1950年:長野県生まれ、幼少より世田谷区在住。
1977年:日本大学医学部卒(学生時代はヨット部主将、運動部主将会議議長、学生会会長)、第一内科入局後
1980年:神経学教室へ。医局長・病棟医長・教育医長を長年勤める。
1988年:米国留学(ハーネマン大学:フェロー、ルイジアナ州立大学:インストラクター)
1991年:特定医療法人 佐々木病院内科部長就任。
1993年:神津内科クリニック開業。

 The Washington Postに、「溶かし、叩き、押し出す。なぜ多くの超加工食品は健康に悪いのか」という記事が載っていた。一例として、トウモロコシの粒が洗浄され、衛生管理された工場で塩や砂糖を混ぜた水とともに缶に詰められる、というシンプルな加工がなされる場合と、超加工されて最終的にスナック菓子になる場合との比較がイラスト入りで紹介されている。
 Web上に描かれたそのイラストは、縦長で画面をスクロールして閲覧するようになっているのだが、こうしたアナログの文章では紹介しにくい。そこで、原文に載っているイラストを分割して再構成すると、以下のようになる。

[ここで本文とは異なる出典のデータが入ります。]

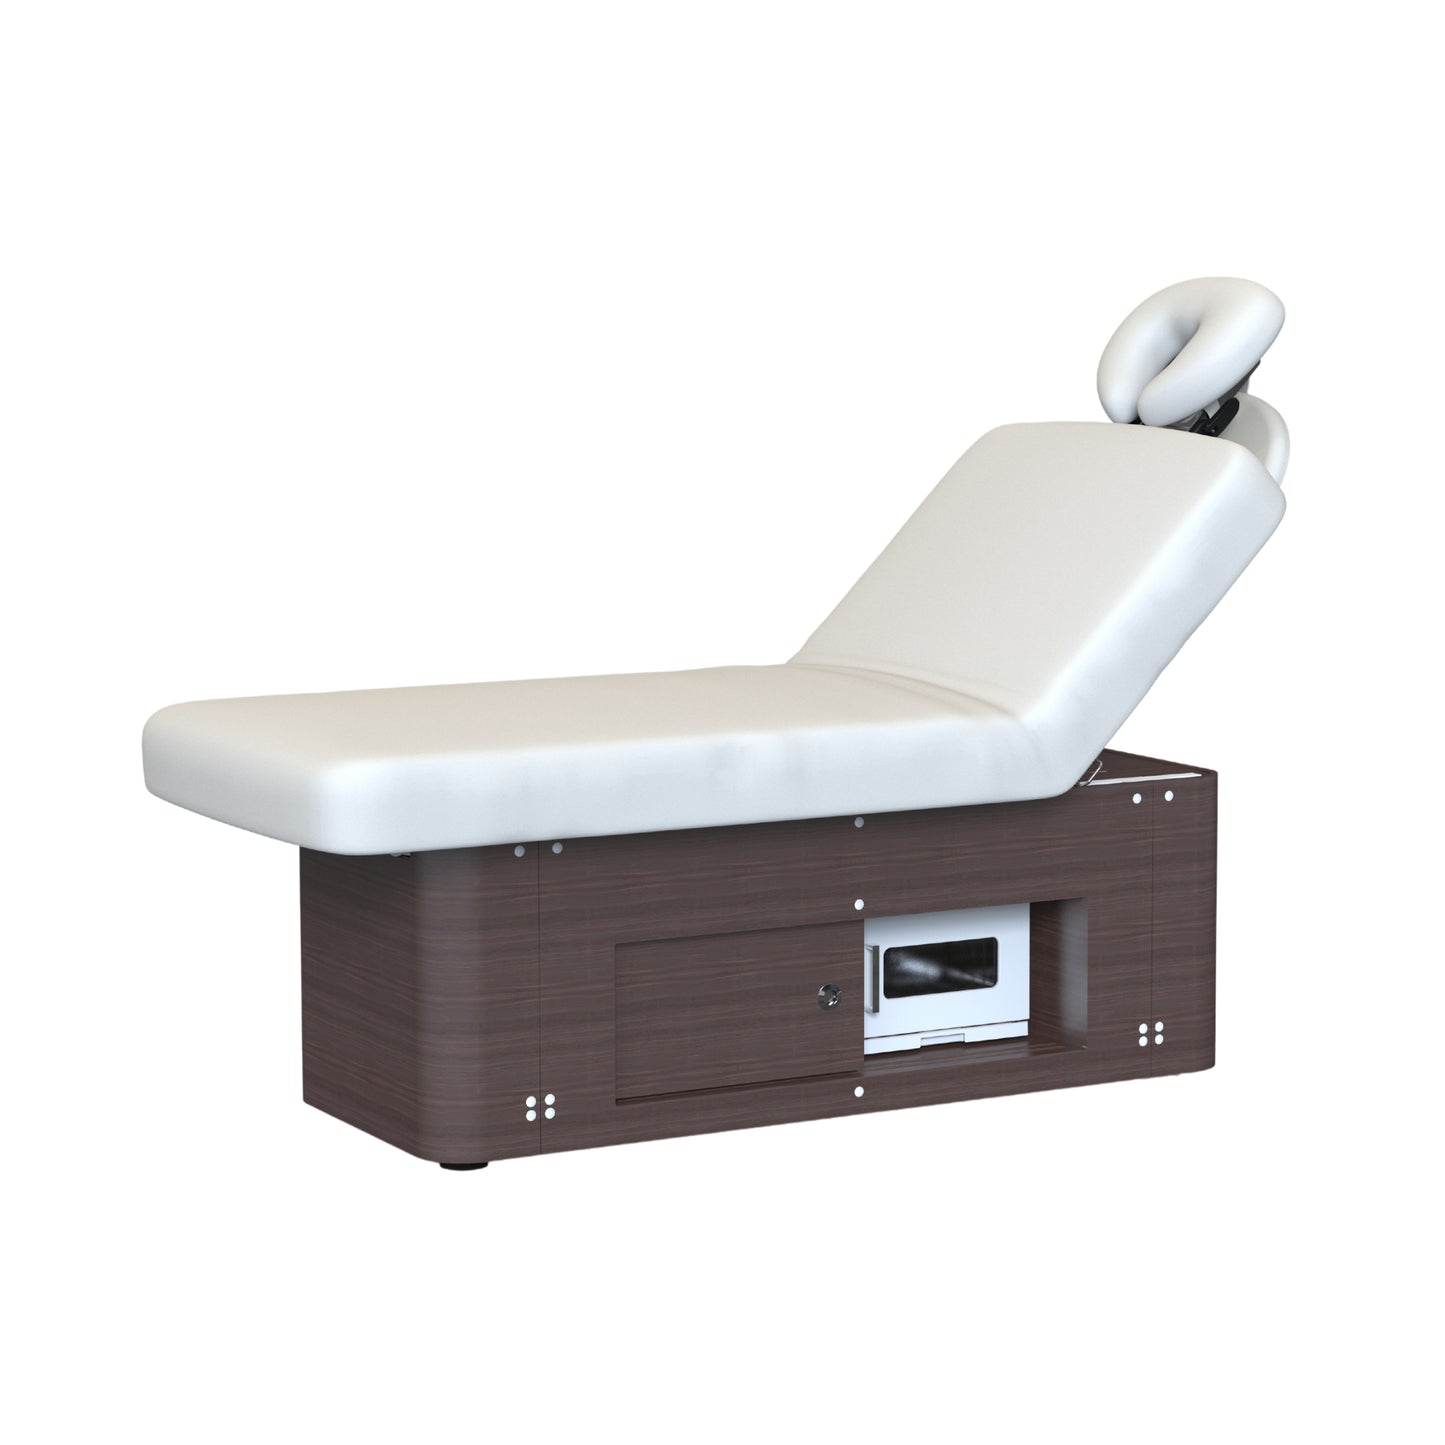 SoftSerene Massage Table - Silverfox 2285 - Sitting Position 1
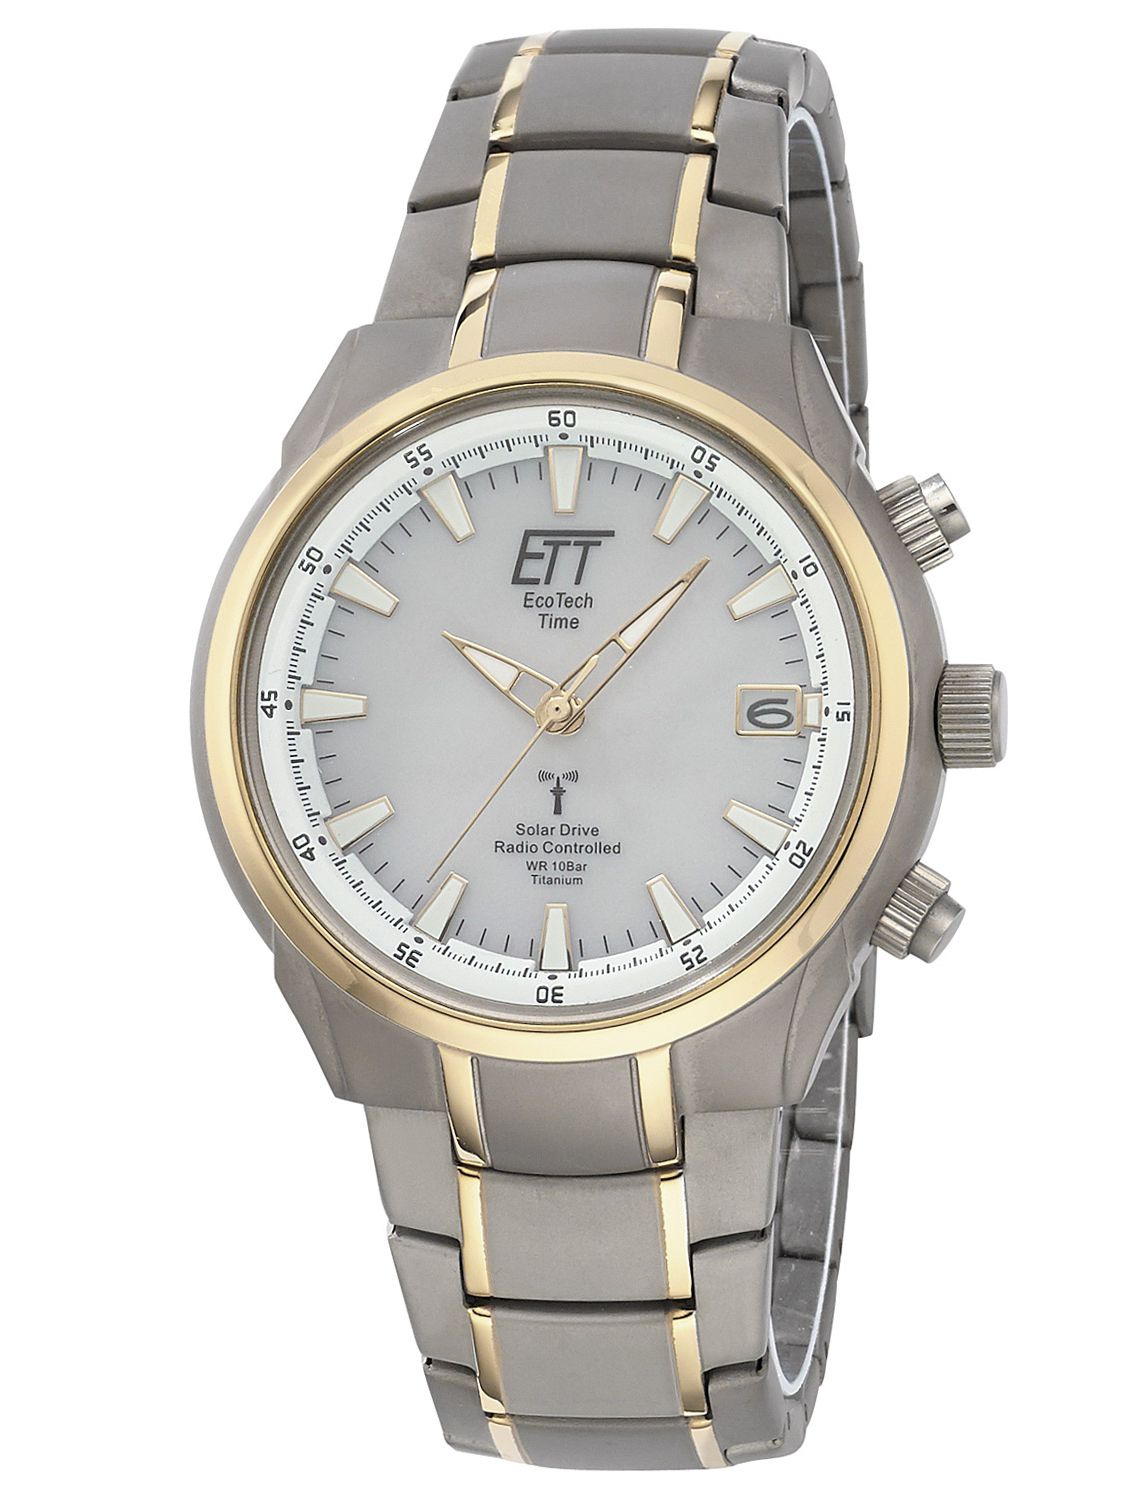 ETT Eco Tech Time • II EGT-11337-51M RC Drive Watch uhrcenter Aquanaut Solar Mens

 イラストに描かれた図に添えられた説明文を読むと、「水分が抜かれ、粉砕され、押出機でシート状に加工され、さらに叩いて平にしてチップスの形にカット、そのチップスをオーブンで焼き、油でカリカリになるまで揚げ、最後にチーズ、塩、グルタミン酸ナトリウム、砂糖、人工着色料でコーティングされ、袋詰めされる前に様々なスパイスと調味料が加えられる」とある。超加工食品は、かなり長旅をしてくたびれ果て、最後には身も心もバラバラになった旅人のようだ。

食べることの意味を再認識する

 このfood matrixがバラバラになっている状態は、身体に吸収されやすい「前消化状態」が意図的に作られてしまっている、ということを意味している。すなわち、でんぷんの食品マトリックスは内側の硬い細胞膜とともに破壊され、ブドウ糖の長い鎖を含む微細な細粒が壊れる。その結果、前消化状態の食品に含まれる糖分、その他の栄養素の吸収速度は加速し、血糖値とインスリンレベルのより大きなスパイクが引き起こされることが示されている。Pet bottle syndromeならぬJunk food pack syndromeだ。
 食べるという行為は、食べ物を目で見て、触って、匂いを嗅いで、脳の中に記憶された食べ物のリストを読み出し、その食べ物をどのようにprocessingするかを、身体の全てのシステムを稼働させて対処する、壮大な行為だといえよう。腸には免疫細胞の約7割が集まって「腸管免疫」を形成し、ウィルスや病原菌が体内に侵入して害を与えないように監視・警戒・排除機能を働かせている。このシステムは体に害のあるものを選別し、生命活動維持に重要なものとしての消化・吸収・排泄機能と連動させる。手足は食べるために必要な探索用具、五感は食べものを識別するのに必要なセンサーだと考えれば、人間にとって食べることの重要性がよく分かる。
 例えば、ナッツ(tree nuts)には細胞壁(繊維)を持つ小さな細胞が何百万個もあり、その細胞壁の中にある脂肪球はナッツを丸ごと食べると消化しにくいので、未消化の繊維と脂肪が腸管を通って排泄されるため、吸収しきれなかった脂肪、繊維、その他の栄養素は腸内細菌の餌になり、健康なmicrobiotaを保つことが出来る。
 近年では、口腔のみならず腸管管腔にも味覚受容体の機能が存在することも明らかになっており(Roper,S.D. and Chaudhari, N., Nat Rev Neuosci. 18(8) 485-497, 2017)、食品成分や消化分解物の化学受容と脳神経系への作用におけるフードマトリクスの関与も注目されている。

加熱調理で進化した人類

 リオデジャネイロ連邦大学、生物医科学研究所(Institute of Biomedical Sciences)の神経科学者スザーナ・エルクラーノ・アウゼル(Suzana Herculano-Houzel)氏によれば、「真に人間を人間たらしめたものは、“火の利用”ではなく“火を使った調理”だ」という。
 およそ180万年前に人類の脳のサイズが急激に大きくなったのは、加熱調理の登場が直接影響しているという。 現生人類の祖先と考えられているホモ・エレクトスは、加熱調理を覚えて、60万年の間に脳が2倍に進化した。ゴリラやチンパンジーなど大型類人猿は、体の大きさはヒト属とそれほど変わらないが、未加工の食料しか食べないので、脳の拡大が起きなかった。
 研究チームは、さまざまな霊長類の体と脳の質量を測定し、カロリー摂取量や食事時間と比較した。その結果、カロリーと体重の間に直接的な相関関係が認められた。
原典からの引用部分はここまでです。